The Big Sandy Heritage Center Museum is a regional heritage center located in Pikeville, Kentucky. The museum displays exhibits about regional history and offers an archive consisting of books, old papers, photographs, and related items. The museum is the largest repository of historical artifacts in the Upper Big Sandy Valley of Eastern Kentucky, southwestern West Virginia, and southwestern Virginia. It boasts the largest fossil collection in Eastern Kentucky.

==History==
The Big Sandy Heritage Center Museum was established in 2003 in Pikeville's historic Chesapeake and Ohio Depot.
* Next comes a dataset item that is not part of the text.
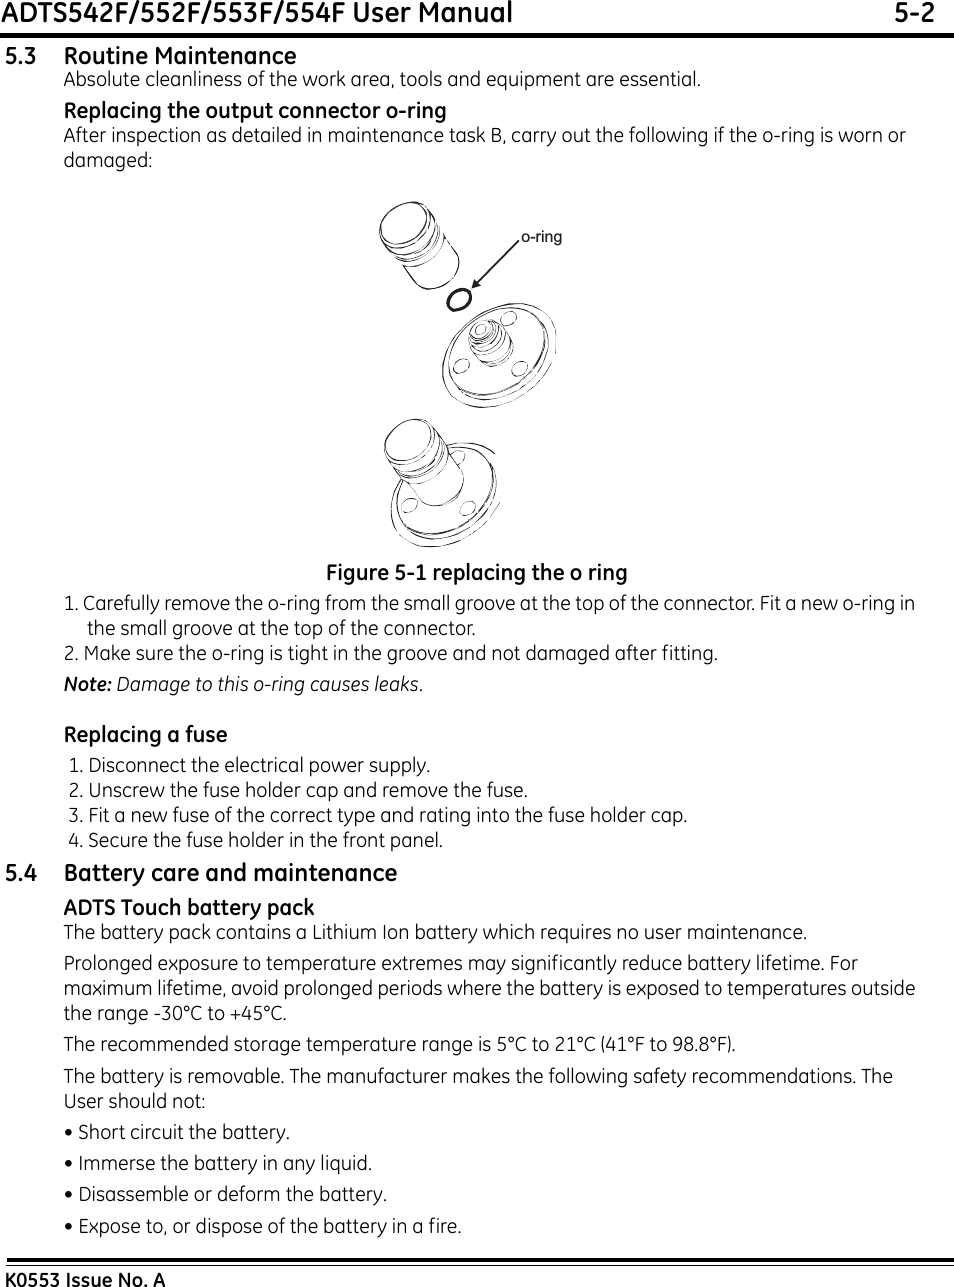 ADTS542F/552F/553F/554F User Manual  5-2K0553 Issue No. A5.3 Routine MaintenanceAbsolute cleanliness of the work area, tools and equipment are essential.Replacing the output connector o-ringAfter inspection as detailed in maintenance task B, carry out the following if the o-ring is worn or damaged:Figure 5-1 replacing the o ring1. Carefully remove the o-ring from the small groove at the top of the connector. Fit a new o-ring in the small groove at the top of the connector.2. Make sure the o-ring is tight in the groove and not damaged after fitting. Note: Damage to this o-ring causes leaks.Replacing a fuse 1. Disconnect the electrical power supply. 2. Unscrew the fuse holder cap and remove the fuse. 3. Fit a new fuse of the correct type and rating into the fuse holder cap. 4. Secure the fuse holder in the front panel.5.4 Battery care and maintenanceADTS Touch battery packThe battery pack contains a Lithium Ion battery which requires no user maintenance.Prolonged exposure to temperature extremes may significantly reduce battery lifetime. For maximum lifetime, avoid prolonged periods where the battery is exposed to temperatures outside the range -30°C to +45°C.The recommended storage temperature range is 5°C to 21°C (41°F to 98.8°F).The battery is removable. The manufacturer makes the following safety recommendations. The User should not:• Short circuit the battery.• Immerse the battery in any liquid.• Disassemble or deform the battery.• Expose to, or dispose of the battery in a fire.o-ring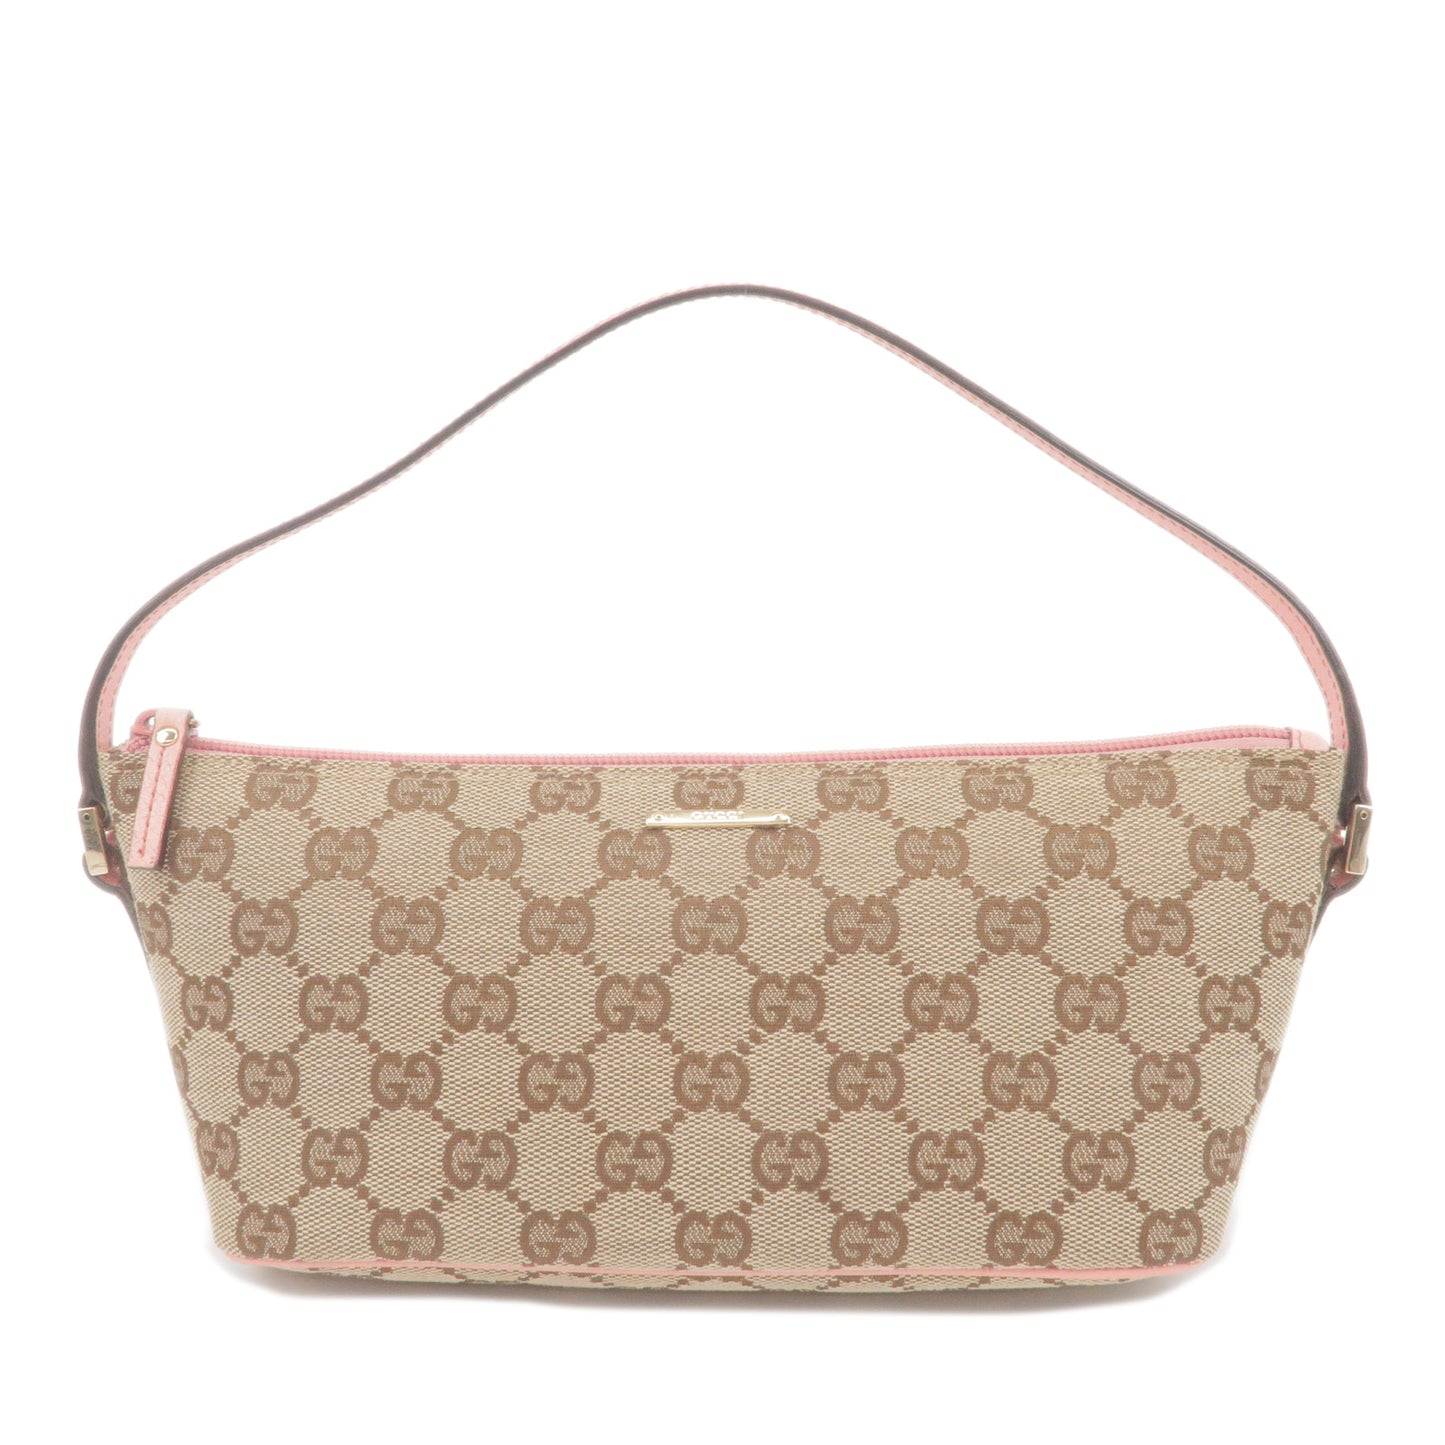 GUCCI-GG-Canvas-Leather-Boat-Bag-Hand-Bag-Beige-Pink-07198

In 2015, the museum relocated to the 4th floor of the old Hall of Justice Building in downtown Pikeville's historic courthouse square. The new space was noteworthy in that it had hosted the 1990 trial of Mark Putnam, the first FBI agent to be charged with manslaughter. Many museum artifacts are also displayed in Heritage Hall at the historic Pike County Courthouse. A lesser amount can be viewed in the city tourism office.

==Mission and vision==
The Big Sandy Heritage Center Museum operates under the auspices of city and county government, with additional oversight provided by city and county tourism and the University of Pikeville.

The mission of the museum is to collect, preserve, and promote the history of the Big Sandy region. Through engaging exhibits, educational programs, and community outreach, it strives to inspire a deeper appreciation and understanding of the people, places, and events that define the region's heritage.

The museum's vision is to become as a dynamic cultural hub that fosters a deeper connection to the region's past. Through innovative programs, collaborations, and immersive experiences, the goal is to inspire curiosity, strengthen community ties, and ensure that the history of the Big Sandy region remains a living legacy for future generations.

==Exhibits==
The Big Sandy Heritage Center Museum offers the largest fossil collection in Eastern Kentucky, as well as a noteworthy display of indigenous artifacts, mostly from Pike County, Kentucky, Mingo County, West Virginia, and Logan County, West Virginia. Another exhibit features Euro-explorers and Euro-settlement of the valley, highlighted by such topics as Dr. Thomas Walker, Christopher Gist, Mary Draper Ingles, the Sandy Creek Expedition, Jonathan Swift, Daniel Boone, Harmon's Station, Jenny Wiley, and the creation of Pike County, Kentucky. The Antebellum display highlights key personalities and events of the 1840s and 1850s. The museum devotes an entire section to the American Civil War, focusing on the Big Sandy Expedition, James Garfield, the Battle of Middle Creek, Col. John Dils, the 39th Kentucky Infantry Regiment, and events in Pikeville and the Tug Fork region. The Hatfield-McCoy feud exhibit represents the museum's most popular attraction. Many feudists and notable feud events occurred in Pikeville. A significant number of feud-related artifacts are located in the museum, which also contains what is likely the largest collection of feud-related documents. A valued exhibit of the museum features valued furnishings from the Creekmore, a Dils-York mansion once located in Pikeville.

==Directors==
The following persons have served as curator or director of the museum: Everett Johnson (2003–2014, 2017–2020), Polly Hopkins (2015–2016), Paul Hopkins (2016–2017), Angela Donner (2020–2022), Jason Belcher (2023–2025), and Brandon Kirk (2025–present). Noted Civil War authority Randall Osborne has served on the museum board since 2003.

==Partnerships==
Primary partners of the Big Sandy Heritage Center Museum include the Pike County Fiscal Court, the City of Pikeville, Pike County Public Library District, Pikeville Tourism, the University of Pikeville, and the Pikeville Community Foundation.